Los números son importantes. Muy importantes. No recuerdo cuando lo descubrí, pero al llegar a la escuela lo supe con certeza. Los números son muy importantes.
Estaban esos “números” que eran vitales para sobrevivir.
La cartilla Palau número 1, número 2 y número 3. Llegar a la cartilla Palau número 3 era vital. Para llegar a la número 3 tenías antes que pasar por la número 2. Para ello tenías que terminar aquella última página de la cartilla anterior. Era la página sin dibujos. Cada día la profesora decidía que pasabas ( o no ) de página al oírte leer. Llegué a esa última página una mañana. La profesora decidió que tenía que volver repasar y empezar desde el principio. Eso no era justo. Así no llegaría jamás a la cartilla Palau número 3.
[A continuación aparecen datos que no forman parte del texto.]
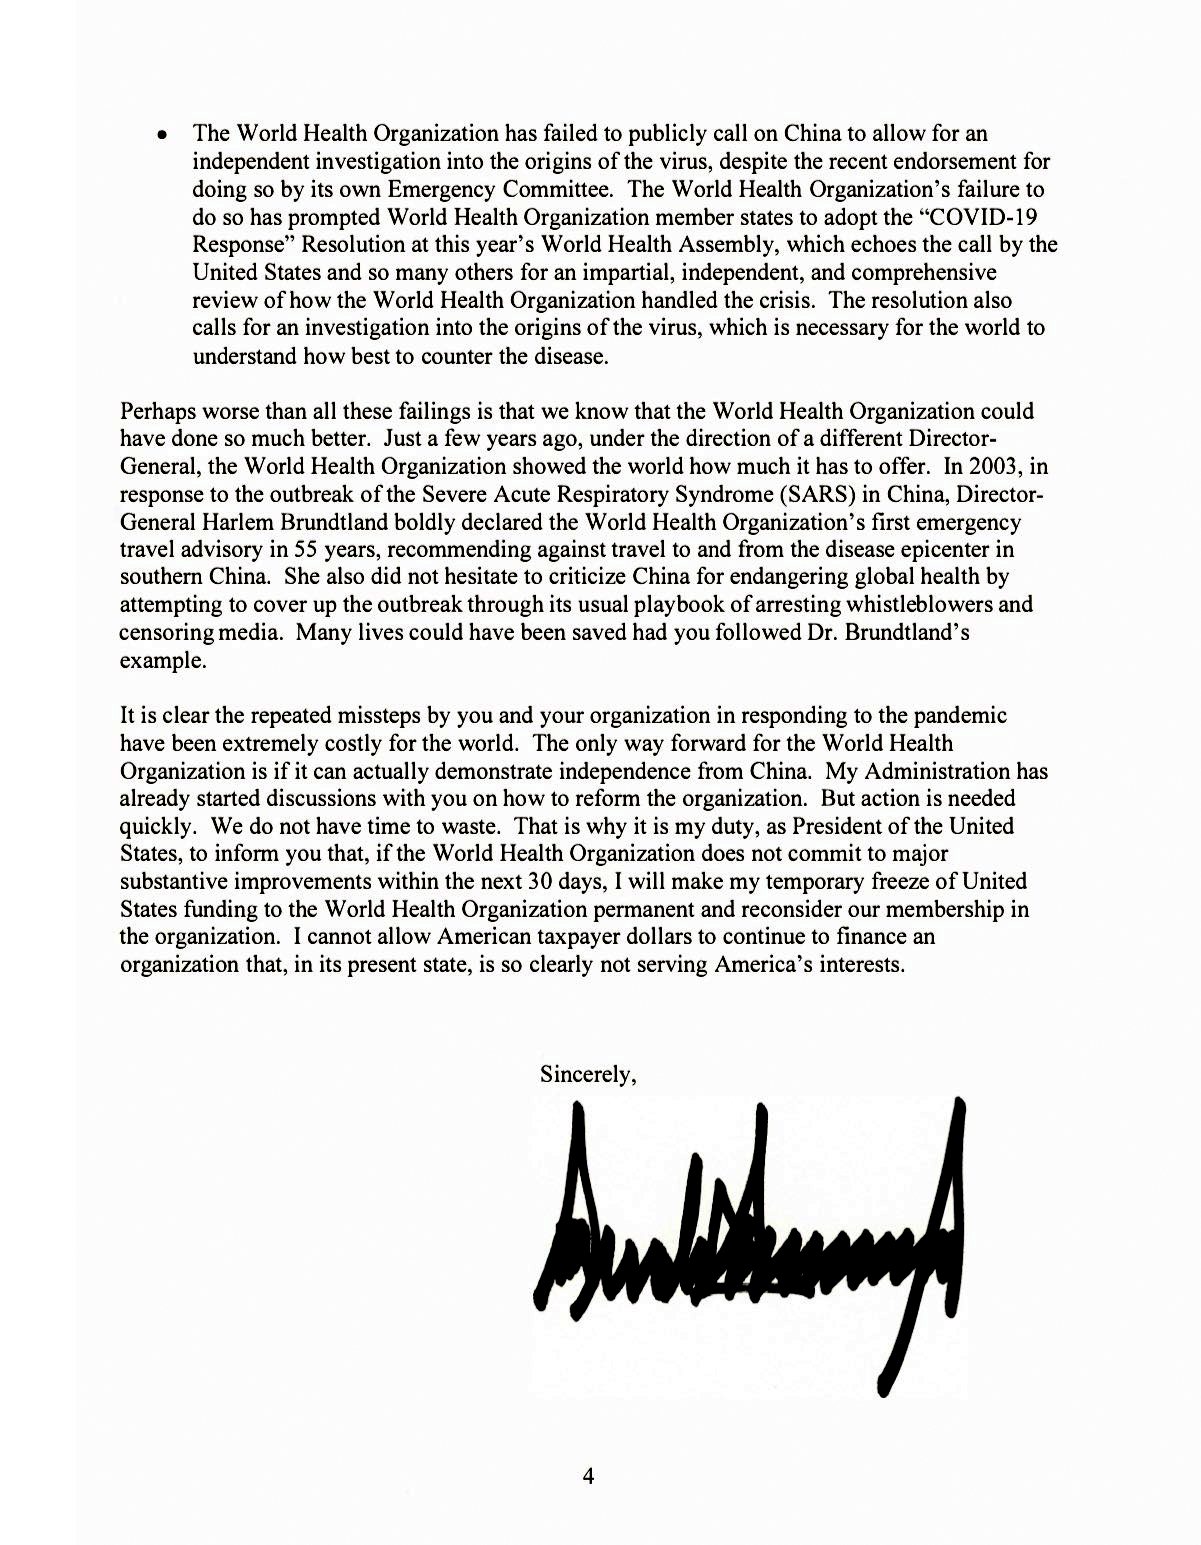 Trump's letter to WHO May 18, 2020, page 4
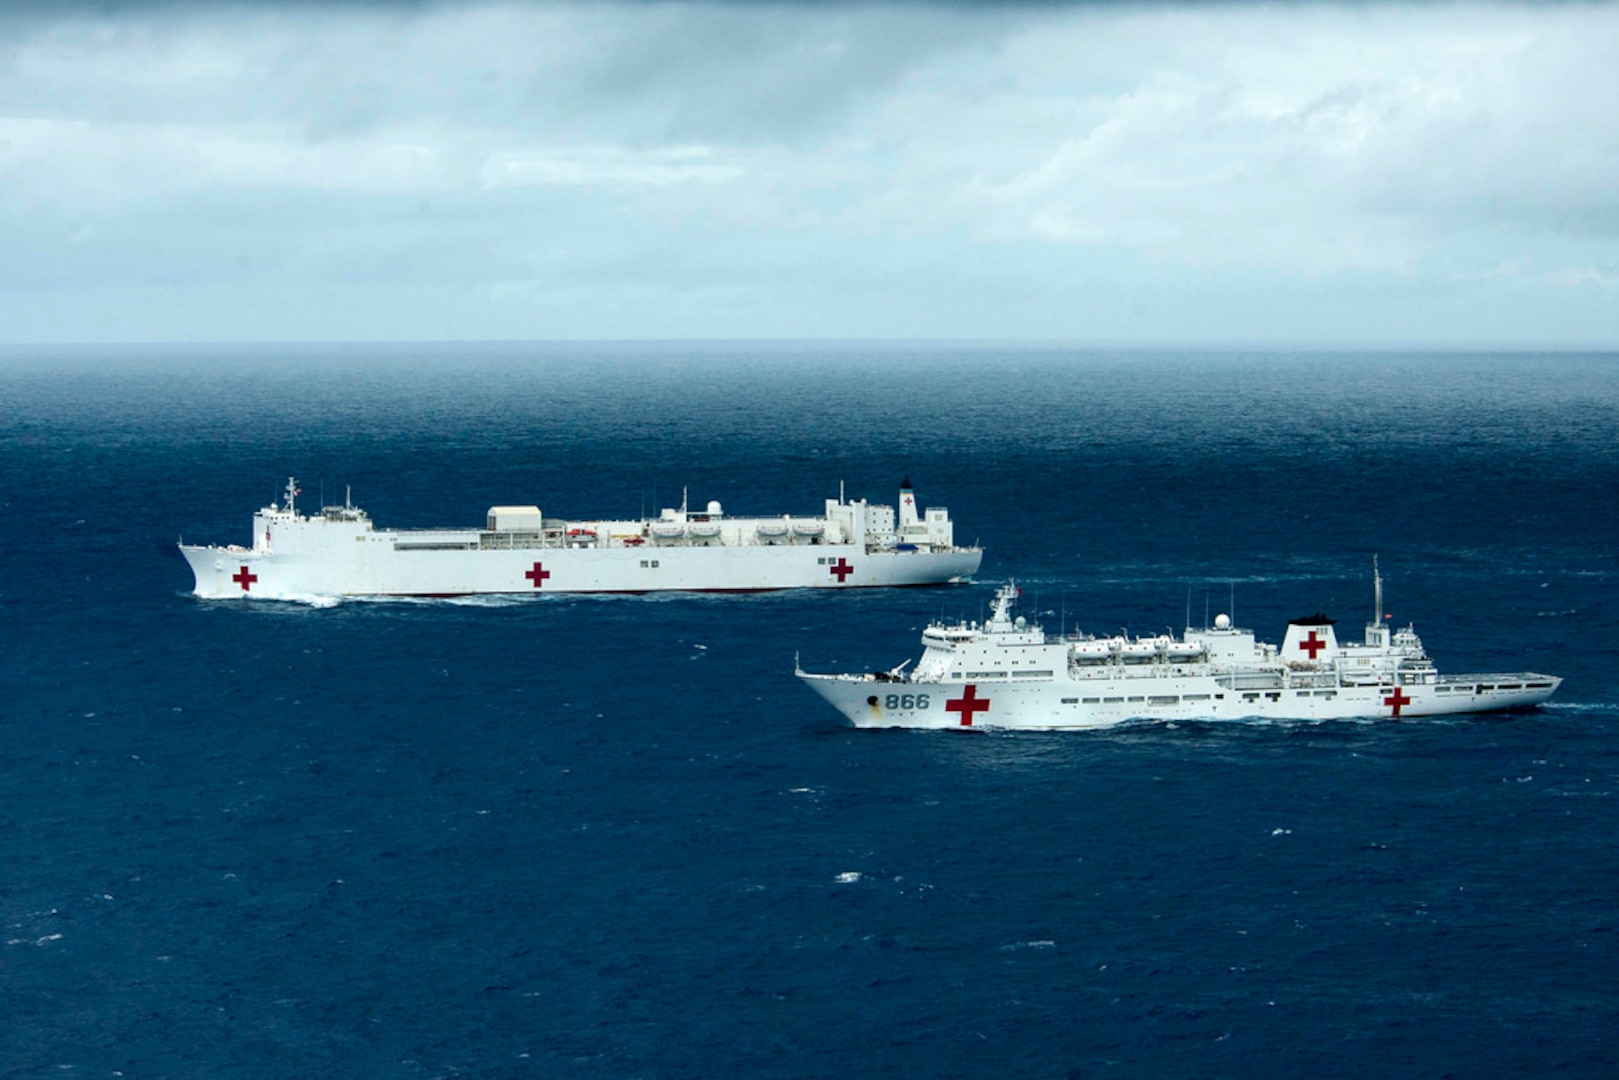 PACIFIC OCEAN (July 22, 20140) - Military Sealift Command hospital ship USNS Mercy (T-AH 19) and China's People's Liberation Army (Navy) hospital ship Peace Ark (T-AH 866) transit together during exercise Rim of the Pacific (RIMPAC) 2014. This is the first year hospital ships have participated in RIMPAC. Twenty-two nations, 49 ships and six submarines, more than 200 aircraft and 25,000 personnel are participating in RIMPAC exercise from June 26 to Aug. 1 in and around the Hawaiian Islands and Southern California. The world's largest international maritime exercise, RIMPAC provides a unique training opportunity that helps participants foster and sustain the cooperative relationships that are critical to ensuring the safety of sea lanes and security on the world's oceans. RIMPAC 2014 is the 24th exercise in the series that began in 1971. 140722-N-VY375-775

Ya había vivido esa injusticia en el juego de la oca cuando te comían una ficha y volvías a la casilla de salida. Pero aquí, con otras personas desconocidas, volver a empezar no sólo era injusto, eso no era nada bueno.
En casa también había números y números injustos. Yo era la 5. Y el número 1 era muy importante. Pero los número pueden cambiar. Un número 4 puede ser un número 1. Mi hermano era el número 4 pero era el número 1 de los chicos. No entendía porqué un número 4 podía ser un número 1 sólo porque fuera chico. Era el número 4 y punto. Yo también era el número 4 de las chicas y no por eso pasaba a ser el número 1. ¿O sí podría? ¿Cómo?
A mí lo que me gustaban eran los “números justos”. Los números de los años que tenías marcaban las pesetas que el domingo recibías. 7 pesetas era mejor que 5 pesetas porque te permitía comprar más cantidad o variedad de lo que vendían en aquel kiosquillo del parque. Esos números sí que me gustaban porque los entendía. Me parecían números justos. Tenías que esperar al número de tu año, 11 de junio, para que pudieras pasar a una cifra más y recibir una peseta más. Y eso era bueno, muy bueno.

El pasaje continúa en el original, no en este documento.